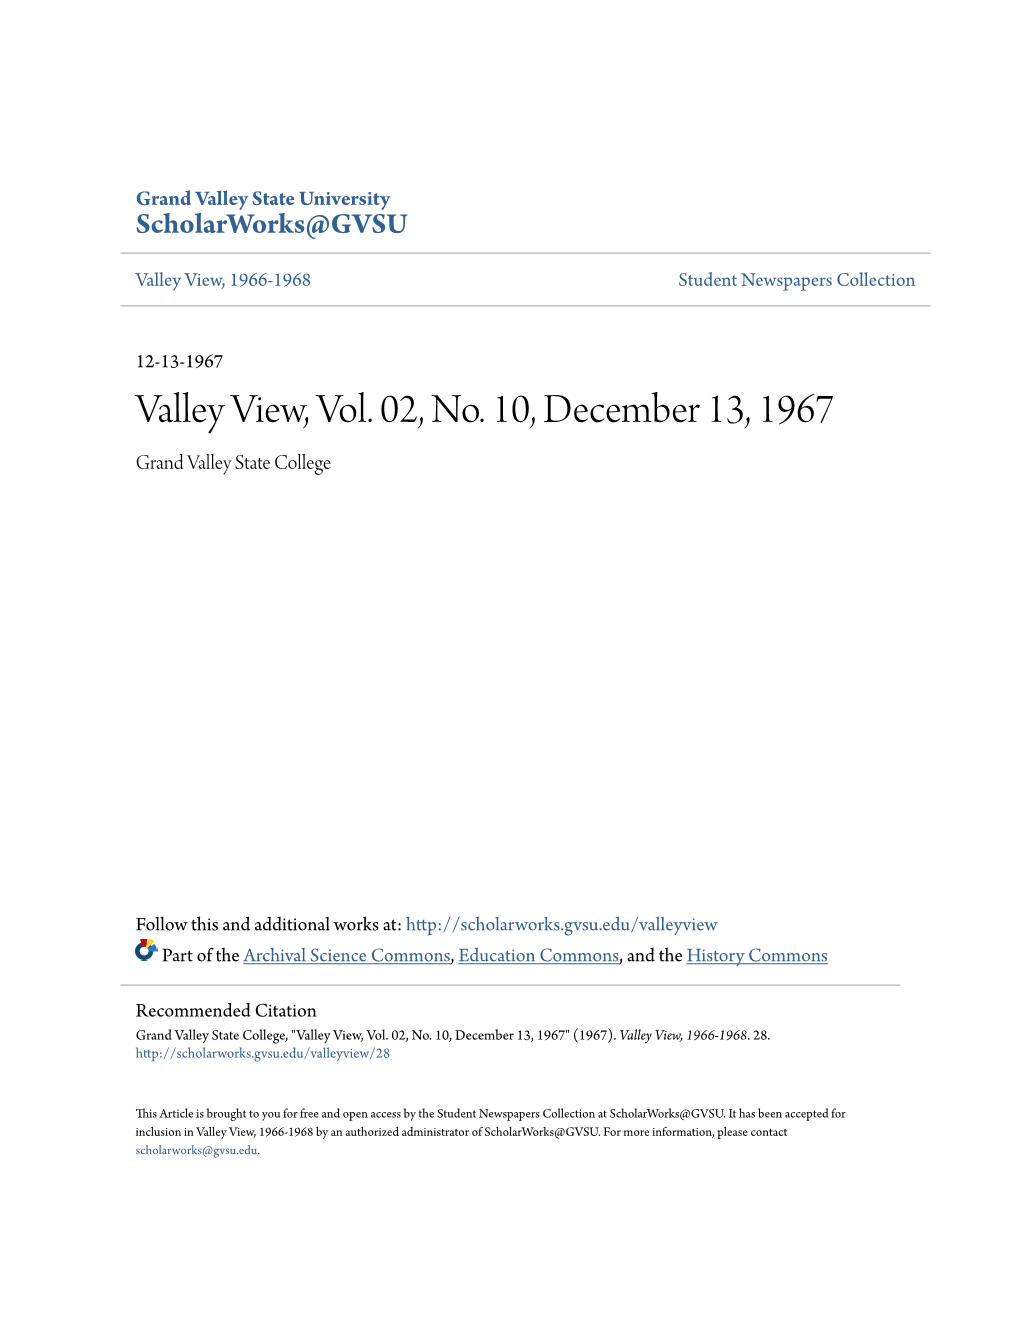 Valley View, Vol. 02, No. 10, December 13, 1967 Grand Valley State College
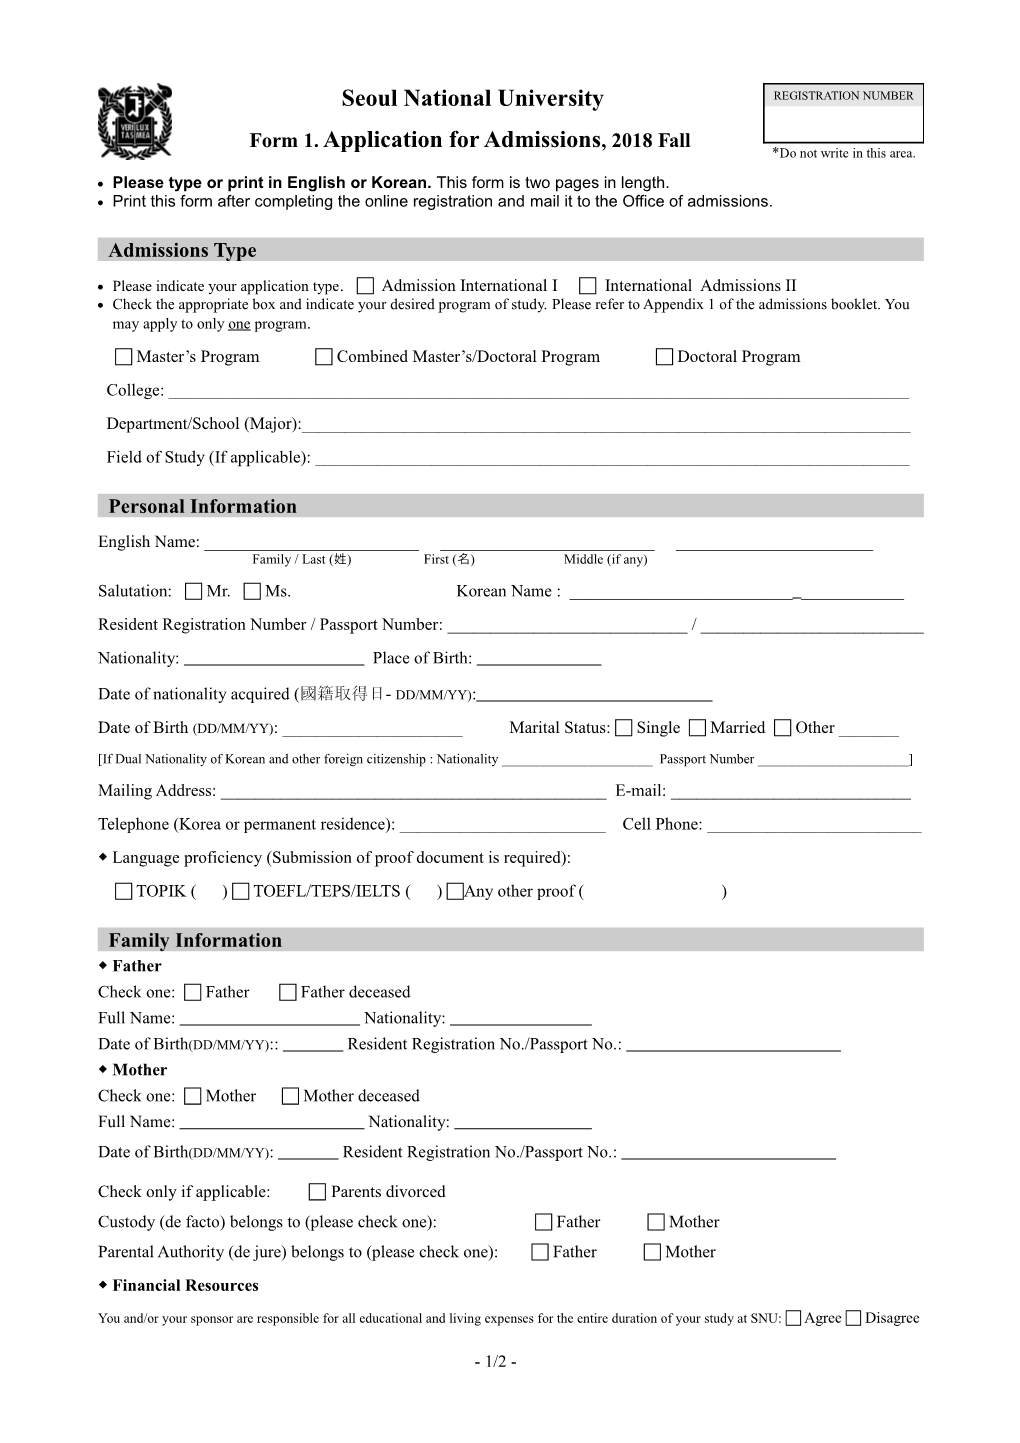 Form 1. Application for Admissions, 2018 Fall
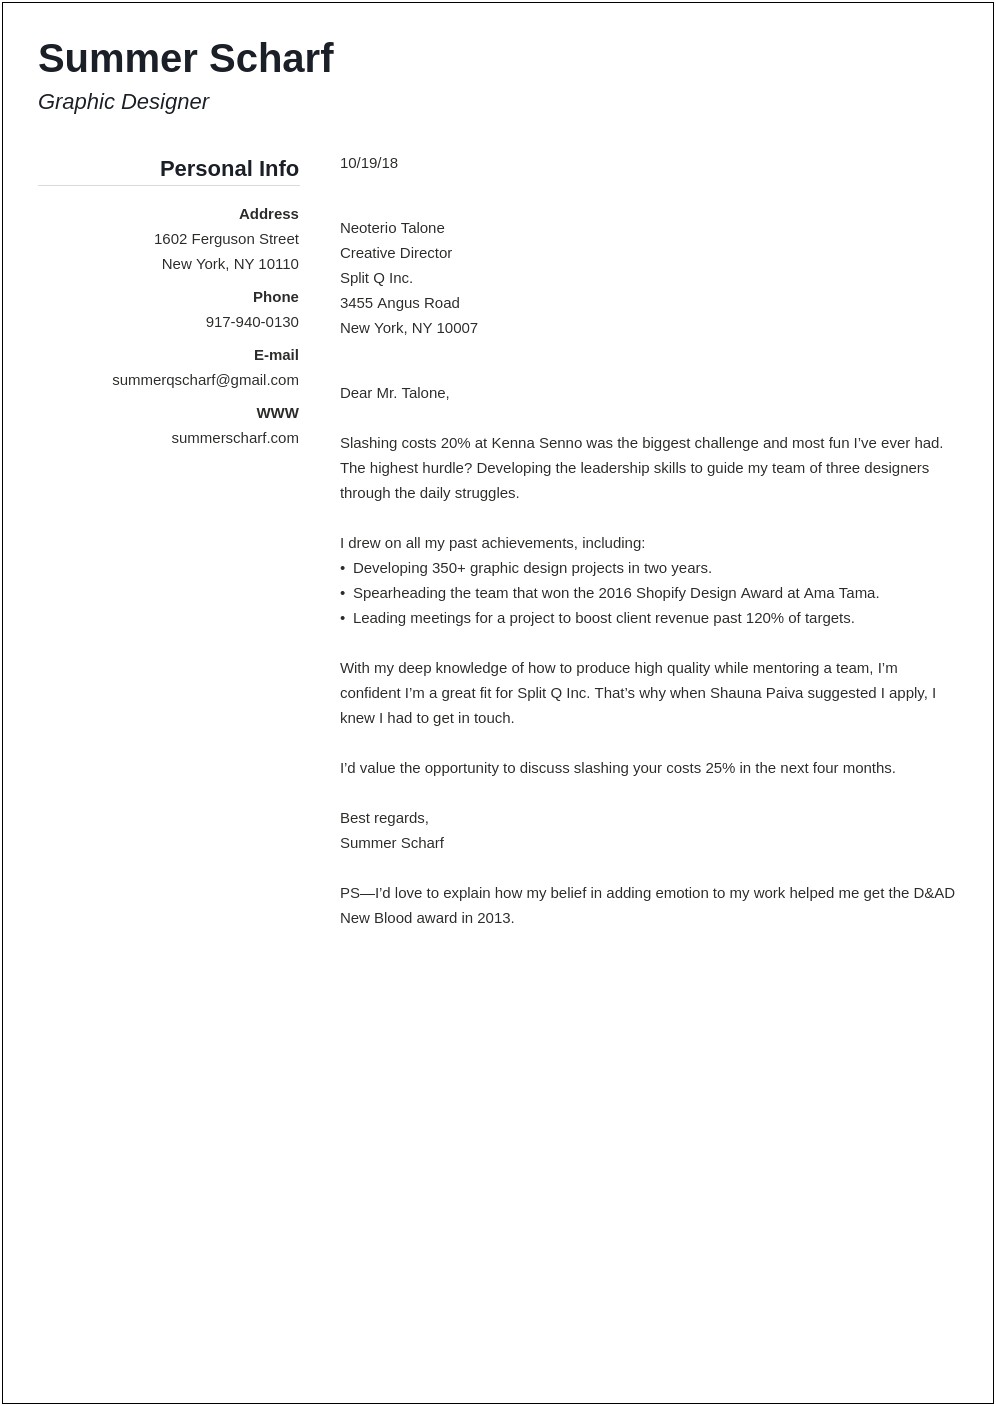 Resume Cover Letter Introductory Paragraph Examples

*What is expected*
Everything in the listing, except its images, should be set down exactly.

*Reply to the exercise*
 Valley View, Vol. 02, No. 10, December 13, 1967 Grand Valley State College
 Form 1. Application for Admissions, 2018 Fall
 Resume Cover Letter Introductory Paragraph Examples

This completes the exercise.